Closed Linghuxc closed 9 months ago
I'm sorry that I made mistakes in recent updates. Thank you for pointing out this problem. I have pushed a new readme file to guide the preprocess process and updated the corresponding codes.
Hi, I am trying to train fluentspeech with LibriTTS,.Could you tell me what subset of LibriTTS do you use?

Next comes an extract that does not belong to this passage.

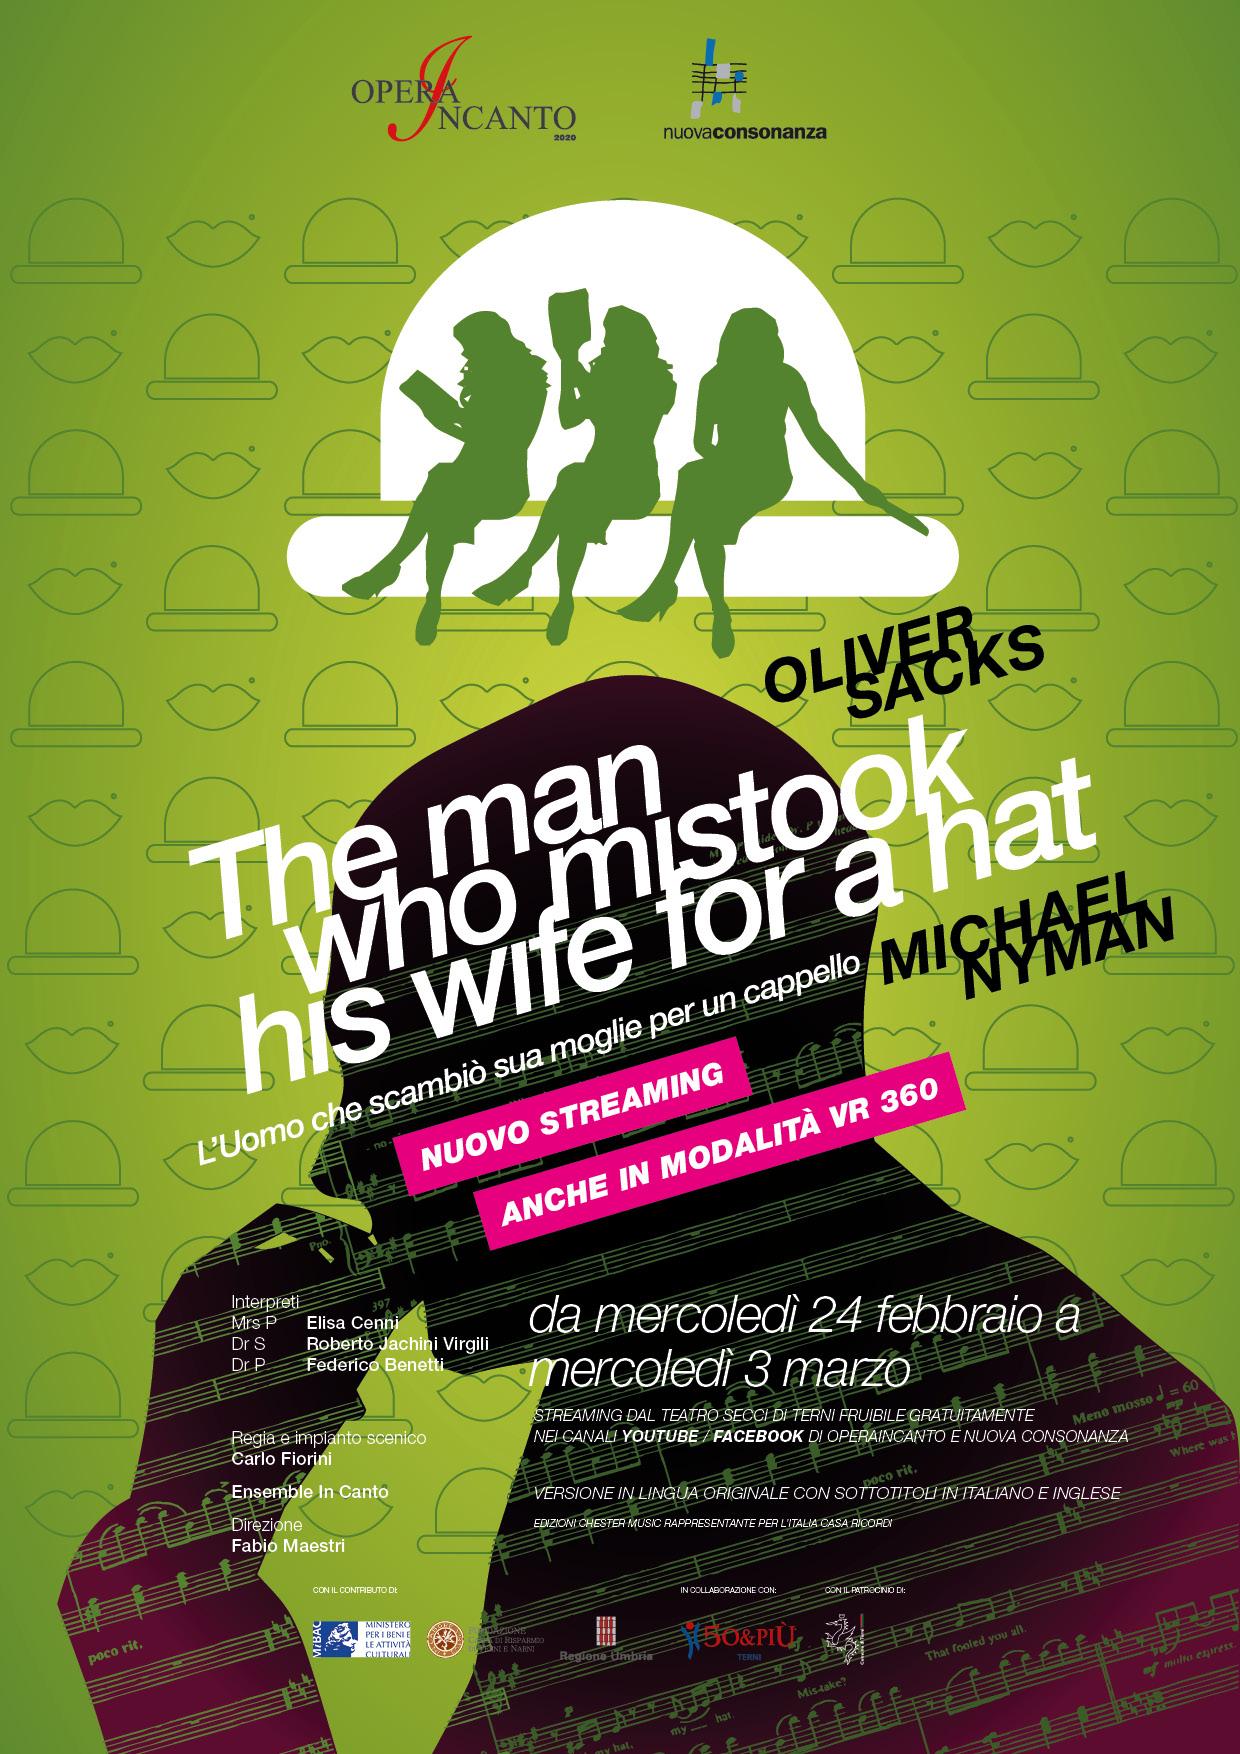 L'Uomo che scambiò sua moglie per un cappello

I used train-clean-100 + train-clean-300.
Maybe train clean 100 and train clean 360?
Do you train one subset first and then train the next? Or do you mix two subsets together for training?
yes, train clean 100 and train clean 360. I just mixed two subsets together for training in the experiments of our paper. But in my later experiments, mixing three subsets together shows better zero-shot capabilities.
I have now pre-processed train_clean_100. Should I mix the two subsets again and preprocess them again or can I just process train_clean_360 on the current basis?
The code does not support dataset concatenation. Sorry that you need to mix the two subsets again and preprocess them again.
Ok, thanks for your reply!
You're welcome! If you have any more questions or need further assistance, feel free to ask.
Hi,
I'm training the model on libritts and vctk, Use this command CUDA_VISIBLE_DEVICES=0 python tasks/run.py --config egs/spec_denoiser.yaml --exp_name spec_denoiser --reset
I have a question.
I trained vctk using egs/spec_denoiser.yaml
, but should I train libritts using egs/spec_denoiser.yaml
or egs/spec_denoiser_libritts.yaml
?
In addition, I have a friendly reminder, you can update the readme, python data_gen/tts/run_mfa_train_aligh.sh
may need to change h
to n
, and then use bash to execute.
I'm sorry that the egs/spec_denoiser_libritts.yaml
is out-dated. You can use directly use egs/spec_denoiser.yaml
to train the model on libritts.
Thanks for your advice! I will update the readme.
Hi, I used the pre-trained model for reasoning and found that mfa_model.zip and mfa_dict.txt were missing. I downloaded the relevant models from the official mfa and created folders by myself to put them in.
However, the output shows:![image](https://github.com/Zain-Jiang/Speech-Editing-Toolkit/assets/128498268/8d47b9e9-5406-4e6c-a17f-03cd041ee3af)
Do I need to perform the data processing part first? After entering the following command:
show:
![image](https://github.com/Zain-Jiang/Speech-Editing-Toolkit/assets/128498268/ecda8a25-023f-4808-9519-77af2f54595b)
How should I solve this problem and I need help with!